Another of the city’s great bartenders is Town's Dave Power. Located in Kaimuki, just a few minutes drive from Waikiki, Town feels like I’m back home in San Francisco. Local, organic foods served with with rustic, Italian technique, all-American heart, gourmet animal parts, and classic cocktails (all $10).
Power executes cocktails simply but with a beautifully, even literary, bent. His tequila negroni is a revelation. He explains that his inspiration is M.F.K. Fisher‘s love of equal parts gin, vermouth, and bitters in her cocktail. His version adds an equal part of Don Julio Reposado and a Campari infused with local Hawaiian Kiawe wood chips for a gentle smoky taste.
He also makes a Very Very Good Martini (this being how it’s listed on the menu) and my beloved Death’s Door -- something you don’t see much in these parts -- and a white manhattan with moonshine (white whiskey) and Dolin Blanc vermouth.
I’d recommend eating as well as drinking here. It’s a special place that evokes other big cities, but uses Hawaiian ingredients and laid-back charm.
Mai Tai Bar:
I am in love with the Royal Hawaiian Hotel. A pink, playful beacon that jumps out of the town’s blanket of highrises, it is the one hotel that evokes the history of old Waikiki. Built in 1927 and dubbed the Pink Palace of the Pacific, this is the classic Hawaii I dreamed of.
I'll stay there one day. But in the meantime, one can always head through its grove of trees laden with hanging lights, past torches, through the lobby, and out to the back lawn where the Mai Tai Bar looks out over the beach. Live music at sunset and my own private cabana on the beach made this scene one of the most magical I spent in Honolulu.
This is not the place for refined cocktails but the bar has a history of providing tropical oceanside drinks. Manager Mike Swerdloff is a wine lover himself, but keeps up on the national cocktail scene and is passionate about great service, food and drink.
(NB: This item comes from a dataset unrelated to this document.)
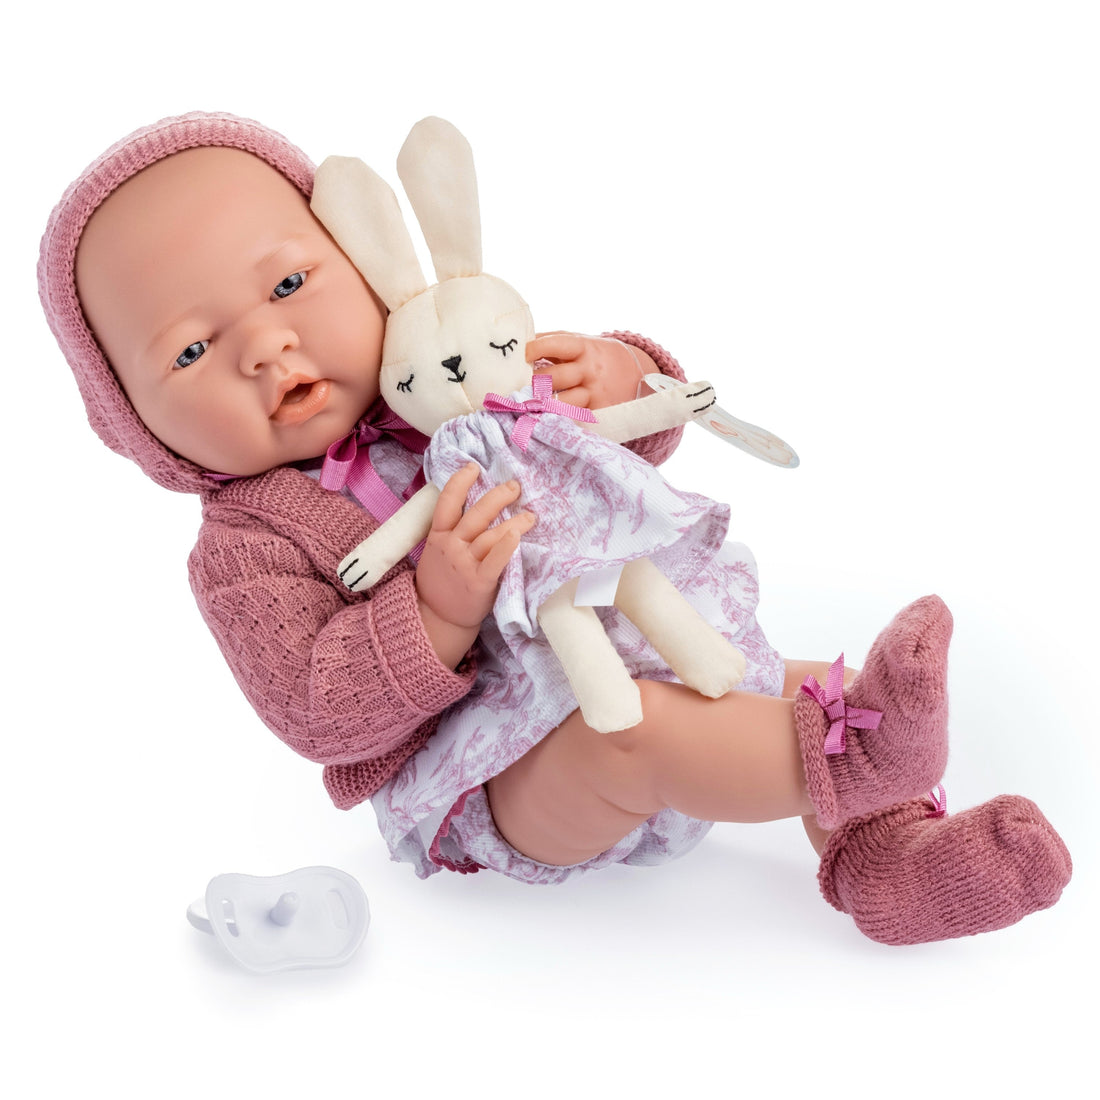 All-Vinyl La Newborn Doll in Royal Pink Set w/ Accessories - Dolls and Accessories

As for cocktails, there are various versions of the mai tai here -- all too sweet for me, but they're destined to be crowd-pleasers, and are greatly enhanced by the paradisical surroundings. Were I to really go for sweetness here, I'd prefer the Chi ($13), made from coconut and Maui’s organic Ocean Vodka and perked up with fresh pineapple and basil; or Pina Rocks ($10): Bacardi 8 year, coconut cream, pineapple, and a lemon-thyme float.
We had a lot of fun with our Smoking Gun mai tai, a winner in last year's Mai Tai Festival on Kona. A glass of Whaler’s dark rum, Bacardi White, and a housemade velvet falernum was torched with smoke, then topped with a brown sugar-torched pineapple wedge. The presentation was quite dramatic -- smoke even spilled out from the glass -- but I could still taste the propane when I sipped the drink. That aside, the Smoking Gun yielded a delightfully sweet, smoky island imbibement that evoked roasting marshmallows over a campfire.
Inside the gorgeous Halekulani Hotel hides a classic New York hotel bar, rich with history and flush with jazz. And the music really is the reason to come. Nightly live jazz sets the classy, upscale tone of Lewers -- don’t you dare wear shorts or flip-flops because this elegance is maintained with a strict dress code. You’ll also need a reservation on many nights.